Любовь неукротимая - Сноу Хизер. Страница 32
Пенелопа наблюдала, как кузина укладывала подушки за спиной, чтобы устроиться удобнее. У нее уже немалый срок, и с недели на неделю в ее жизни появится новое счастье. Ах, как же и Пен хотела детей.
Подумав о малышах, она вспомнила о мисс Иден.
– Ты просто беседовала с мисс Иден или уже предложила ей работу?
Лилиан смерила кузину странным взглядом.
– Можно считать, предложила. Очень нелегко определиться. Шарлотта еще мала, но развита не по годам. А мне как раз нужна помощница, которая сможет управиться и с младенцем, и с моей двухлетней непоседой. Мне кажется, мисс Иден идеально подходит. А почему ты спрашиваешь?
Пенелопа смутилась. Она не хотела лишать человека работы, но что-то в этой незнакомке настораживало ее.
– Мне она не понравилась. Но я не могу объяснить почему.
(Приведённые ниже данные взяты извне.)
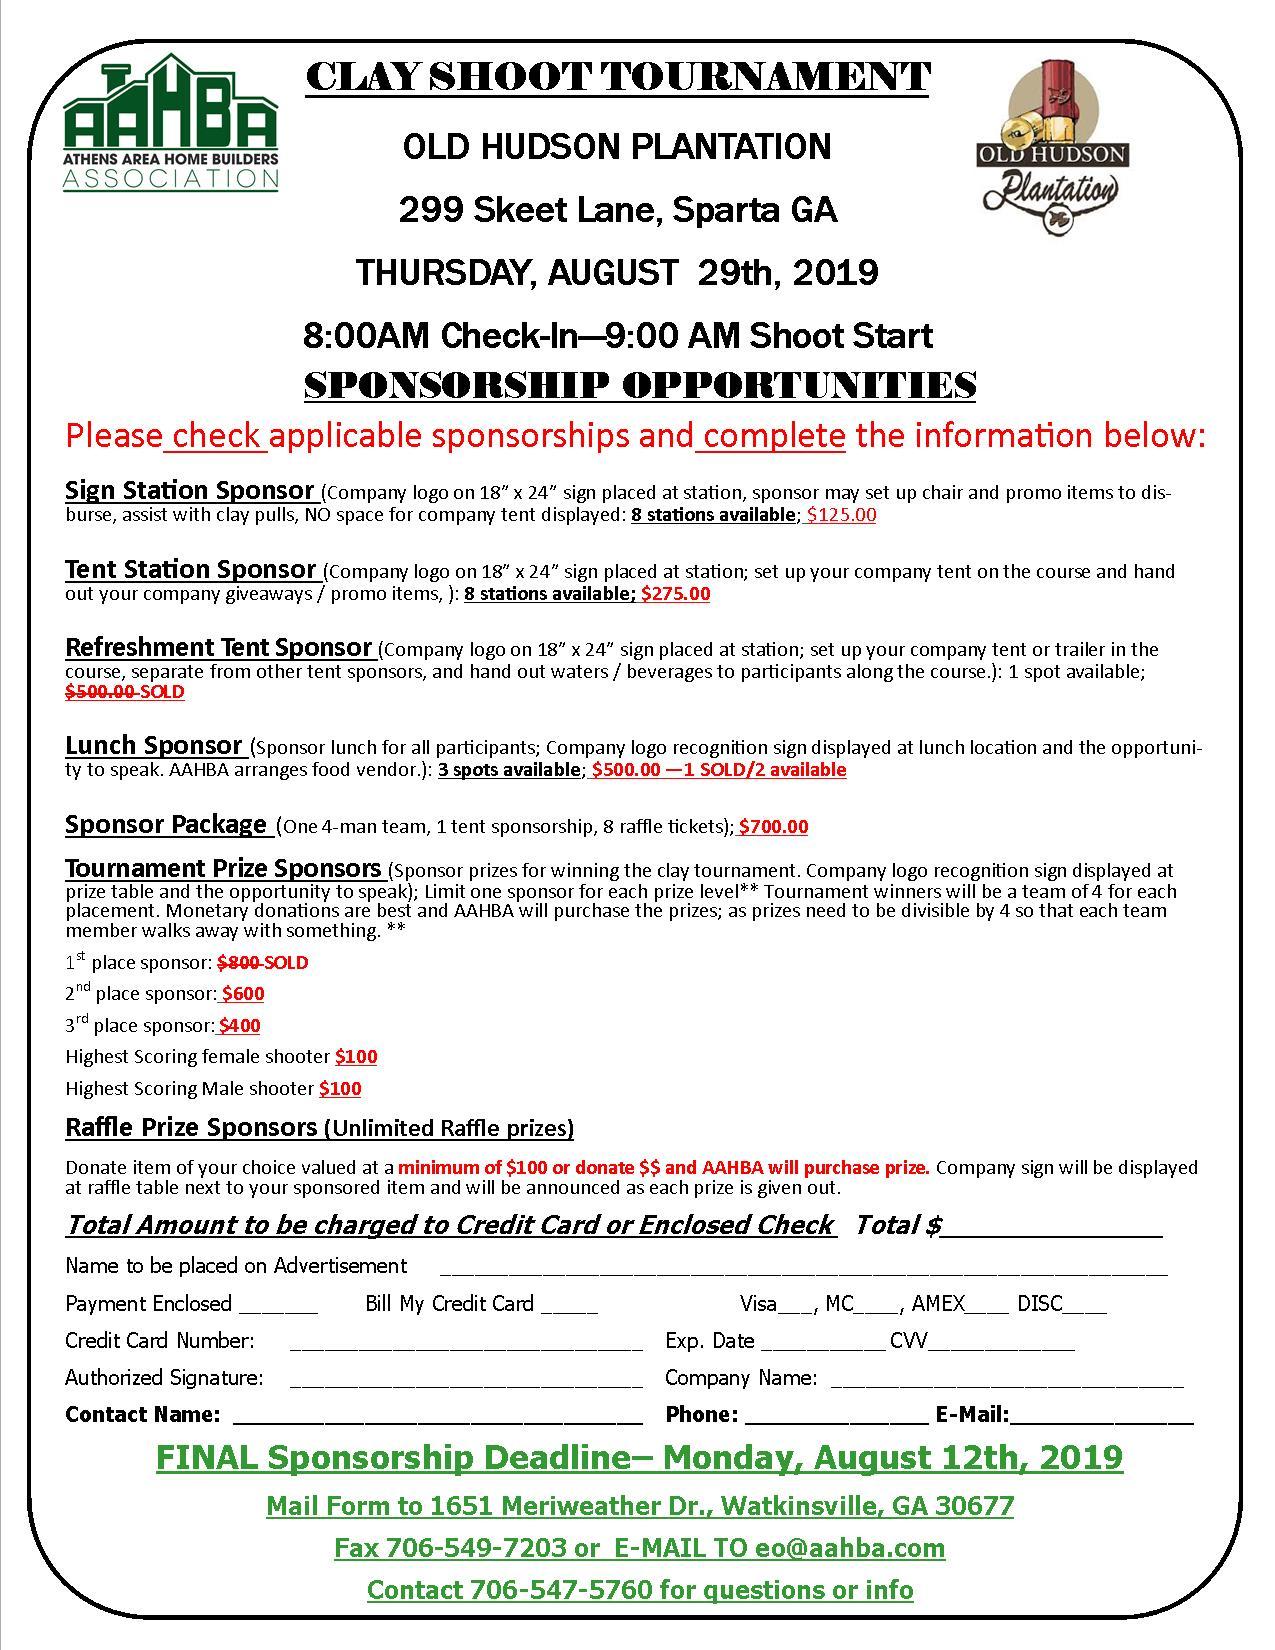 Sporting Clay Shoot Sponsorships Form

Просто в ее присутствии мне стало как-то не по себе.
– У нее отличные рекомендации, – нахмурившись, сказала Лилиан.
– Может, мое предчувствие вовсе ничего не значит. – Пен пожала плечами. Прежде она всегда доверяла интуиции, однако после всех ошибок, которые допустила в отношениях с Майклом, много раз переспрашивала себя, прежде чем принять решение. Но Лилиан выглядела озадаченной.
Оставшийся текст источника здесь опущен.